[Problem description]: Beginning at the line that includes "Rundbogen im eleganten", print each remaining line of the data word for word. Output nothing else.

[Dataset records]:
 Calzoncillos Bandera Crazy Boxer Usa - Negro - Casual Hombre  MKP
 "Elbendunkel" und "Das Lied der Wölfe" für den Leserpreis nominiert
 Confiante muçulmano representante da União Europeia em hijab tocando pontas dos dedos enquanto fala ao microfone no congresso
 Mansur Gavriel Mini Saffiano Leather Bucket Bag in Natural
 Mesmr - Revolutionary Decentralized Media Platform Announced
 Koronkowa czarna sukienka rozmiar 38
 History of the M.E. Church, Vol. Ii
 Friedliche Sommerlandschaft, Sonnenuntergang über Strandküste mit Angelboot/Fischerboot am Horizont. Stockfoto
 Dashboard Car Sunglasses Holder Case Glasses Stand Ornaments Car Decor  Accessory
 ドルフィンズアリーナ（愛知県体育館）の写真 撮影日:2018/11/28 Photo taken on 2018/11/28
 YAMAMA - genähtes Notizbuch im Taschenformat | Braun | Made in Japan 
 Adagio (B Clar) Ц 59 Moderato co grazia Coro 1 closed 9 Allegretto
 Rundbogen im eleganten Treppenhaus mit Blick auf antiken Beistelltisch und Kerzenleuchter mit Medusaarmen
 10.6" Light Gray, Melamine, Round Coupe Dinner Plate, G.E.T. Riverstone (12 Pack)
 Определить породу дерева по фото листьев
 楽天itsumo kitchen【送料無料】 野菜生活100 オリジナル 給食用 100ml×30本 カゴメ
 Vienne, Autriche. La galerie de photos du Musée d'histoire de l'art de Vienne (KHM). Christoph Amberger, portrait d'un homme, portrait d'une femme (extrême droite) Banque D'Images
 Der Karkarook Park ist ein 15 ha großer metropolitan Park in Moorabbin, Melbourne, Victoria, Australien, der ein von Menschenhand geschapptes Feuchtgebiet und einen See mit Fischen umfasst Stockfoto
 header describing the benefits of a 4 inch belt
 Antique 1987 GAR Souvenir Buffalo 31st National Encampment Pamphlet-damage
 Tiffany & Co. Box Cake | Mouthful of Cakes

[Answer to this exercise]:
 Rundbogen im eleganten Treppenhaus mit Blick auf antiken Beistelltisch und Kerzenleuchter mit Medusaarmen
 10.6" Light Gray, Melamine, Round Coupe Dinner Plate, G.E.T. Riverstone (12 Pack)
 Определить породу дерева по фото листьев
 楽天itsumo kitchen【送料無料】 野菜生活100 オリジナル 給食用 100ml×30本 カゴメ
 Vienne, Autriche. La galerie de photos du Musée d'histoire de l'art de Vienne (KHM). Christoph Amberger, portrait d'un homme, portrait d'une femme (extrême droite) Banque D'Images
 Der Karkarook Park ist ein 15 ha großer metropolitan Park in Moorabbin, Melbourne, Victoria, Australien, der ein von Menschenhand geschapptes Feuchtgebiet und einen See mit Fischen umfasst Stockfoto
 header describing the benefits of a 4 inch belt
 Antique 1987 GAR Souvenir Buffalo 31st National Encampment Pamphlet-damage
 Tiffany & Co. Box Cake | Mouthful of Cakes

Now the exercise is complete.